Lina Radke Explained

Lina Radke
Birth Date:18 October 1903
Birth Place:Karlsruhe, German Empire
Death Date:14 February 1983 (aged 79)
Death Place:Karlsruhe, West Germany
Height:1.69m (05.54feet)
Weight:55kg (121lb)
Sport:Running
Club:SC Baden-Baden
VfB Breslau

Karoline "Lina" Radke-Batschauer (18 October 1903 – 14 February 1983) was a German track and field athlete. She was the first Olympic champion in the 800m for women.

Born as Lina Batschauer, she started competing in athletics at the age of 20. In those years sports such as running were considered far too exhausting for women. This vision was shared by many, including the originator of the modern Olympic movement, Pierre de Coubertin.
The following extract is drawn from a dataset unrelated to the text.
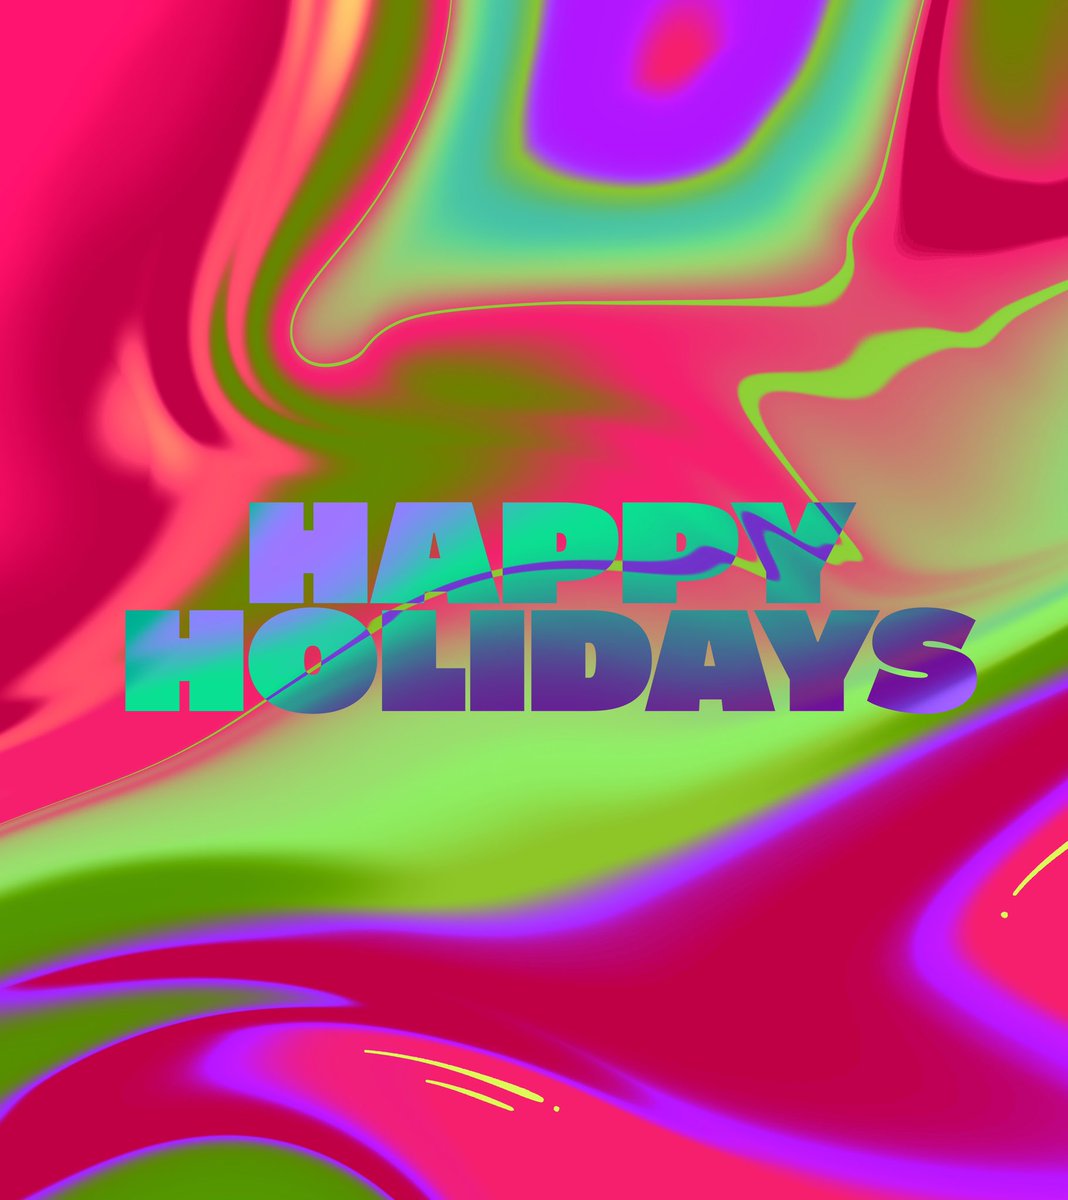 Happy Holidays to all you beautiful souls. I hope this season is colorful and joyful!

In 1927, she married Georg Radke, who was her coach and a manager of her club SC Baden-Baden. The couple moved to Georg's hometown of Breslau (now Wrocław in Poland), where in 1927 she set her first 800 m world record. Together with her husband, Lina Radke was one of the pioneers of female athletics in the mid-1920s. Competitions for women were not held frequently, but Radke nevertheless won several regional and national titles. She first specialised in the 1000 m, but when this was changed into the 800 m (because that distance would be held at the upcoming 1928 Summer Olympics), she switched to that event. The highlight of Radke's career were those 1928 Summer Olympics, as she won the inaugural title in the 800 m, earning the first German gold medal in athletics. Along the way, she set the first officially recognised world record in that event, 2:16.8, which would last until 1944. Following false media reports[1] of competitors collapsing after the race, however, the IOC banished the women's 800 m from the Games; it would not be included again until 1960.[2]

In 1930 Radke set a 1,000 m world record. She retired in 1934, after finishing fourth in the 800 m at the last Women's World Games. After that she worked as athletics coach in Breslau and Torgau. Her husband took part in World War II and was held as a prisoner of war in the Soviet Union. Upon his release in 1950, the family moved to Karlsruhe.

References

Notes and References

  1. Web site: 2012-05-14 . "Eleven Wretched Women" . 2024-02-28 . Runner's World . en-US.
  2. Jobling . Ian . 2006 . The Women's 800 Metres Track Event Post 1928: Quo Vadis? . Journal of Olympic History . 14 . 1 . 43–47 . International Society of Olympic Historians.